FMD farmer speaks out

The farmer at the centre of the foot and mouth outbreak (FMD) in Surrey spoke today of his belief that a flooded sewer may have been responsible for bringing the virus to his cattle.

The recent floods caused sewage to run onto Pride's land, which is situated close to Pirbright, the facility housing both the government's Institute of Animal Health (IAH) and Merial Animal Health Ltd, which work with live FMD strains. The Health & Safety Executive (HSE), which has been investigating the premises as a possible source of the outbreak, is due to report its findings this afternoon.

Roger Pride, who runs Woolford's Farm with his family, said the outbreak had left him feeling "shocked and devastated." He told of the difficult phone call he had to make to his parents Derrick and Sheila, once Defra had confirmed FMD, and said he had drawn comfort from other farmers and friends in the area who had offered their support.

In a statement read out by the National Farmers' Union (NFU) director of communications, Anthony Gibson, the Pride family said their farm was well-respected, they had maintained the 'highest standards' and the FMD outbreak was 'dreadful for everyone concerned'. They also issued a plea to farmers to maintain the highest standards of bio-security and keep vigilant checks on their livestock to prevent anyone else going through the same situation.

This is Roger Pride's statement:

"Our business is D. Pride and partners. It was started by my parents Derrick and Sheila about 50 years ago and is now being carried on by myself and my wife Valerie. During that time we have built up what I hope and believe is a well run and respected family business.

"The mainstay of our business is buying in store cattle at six months and over which we fatten for beef. We finish around 50 cattle a year and the beef is mainly sold through the farm shop.

"We check our animals every day and it was when my father Derrick was with the cattle last Thursday that he noticed that some of them were off colour and drooling. He contacted me and asked me to come and have a look. This I did and it was immediately obvious that something was badly wrong. We contacted our vet straight away and he advised us to inform Defra. The Defra vet was on the farm within an hour and a half.
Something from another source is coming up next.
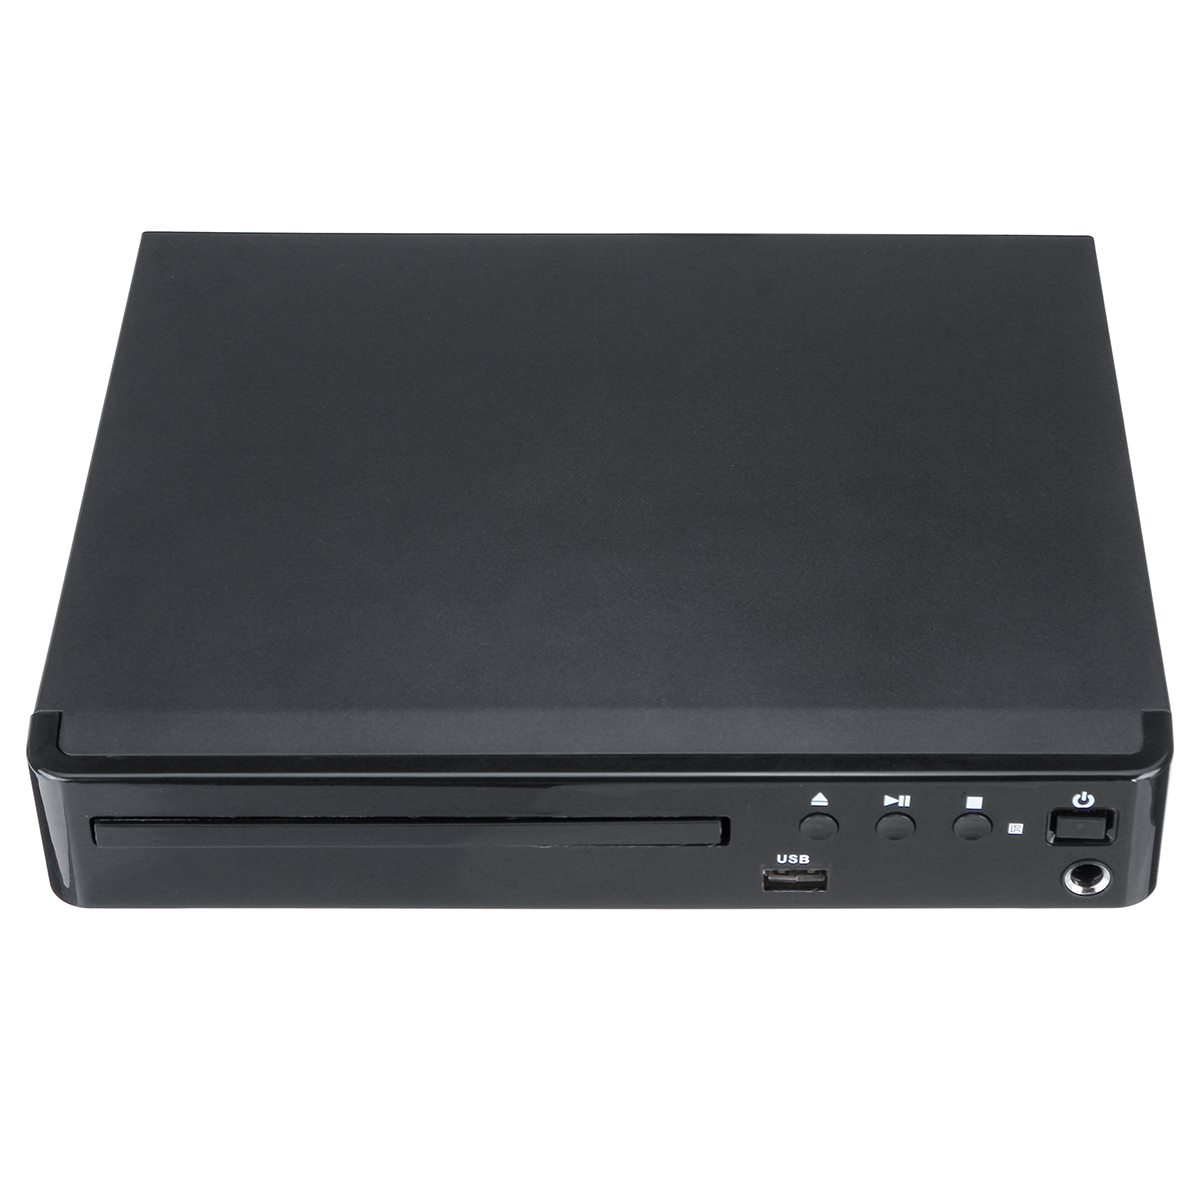 Find 1080P Full HD LCD DVD Player Compact 6 Region Stereo Video MP4 MP3 CD USB Remote for Sale on Gipsybee.com with cryptocurrencies

"By this time it was late in the evening and getting dark, so the vet asked us to have the cattle penned by 5.30 the next morning for testing. Testing started at 6am and continued until four in the afternoon. At that time, it was very far from clear that the animals were in fact suffering from FMD.

"It was at about seven that Defra Animal Health phoned to say that the tests were positive. For a moment, we couldn't believe it. We were just completely shocked and devastated. It felt as if our whole world had been turned upside down.

"There were 38 cattle in that group, with another group of 22 in the village and four more back on farm. All three groups were valued and humanely slaughtered on Saturday. Whilst we will be compensated for the market value of the cattle, there are the cleaning and disinfection costs to be resolved and our farming business will be closed down for many months.

"Whatever the cause of the outbreak, it is obvious that we have been the victims of circumstances far beyond our control. The theory that the sewer which overflowed into part of the field where the 38 cattle were grazing could be the cause is an obvious possibility. Certainly, no-one from this farm has had any contact with the Pirbright facility.

"We have always practiced the highest standards of bio-security at Wolford Farm, have been meticulous with our record keeping and no animals have been moved onto or off the farm since early June.

"As we are sure you can imagine, this has been a dreadful time for everyone and, although it is in very regrettable circumstances, we would like to thank all of the Defra Animal Health officials at Reigate and the other officials who we have come into contact with for their compassion, sensitivity and professionalism.

"We sincerely hope that the nightmare we have been living through can be avoided by other farmers and we therefore strongly support all of the measures that have been put in place to stop the spread of this terrible disease. We would urge all farmers and members of the public to follow the guidance issued by Defra and respect the need for the highest possible level of bio-security.

"We would also like to thank the very many friends and farm shop customers for the hundreds of messages of support we have received, and indeed the local farming community for all the help that they have provided.

"We need now to get on with re-building our lives and our business."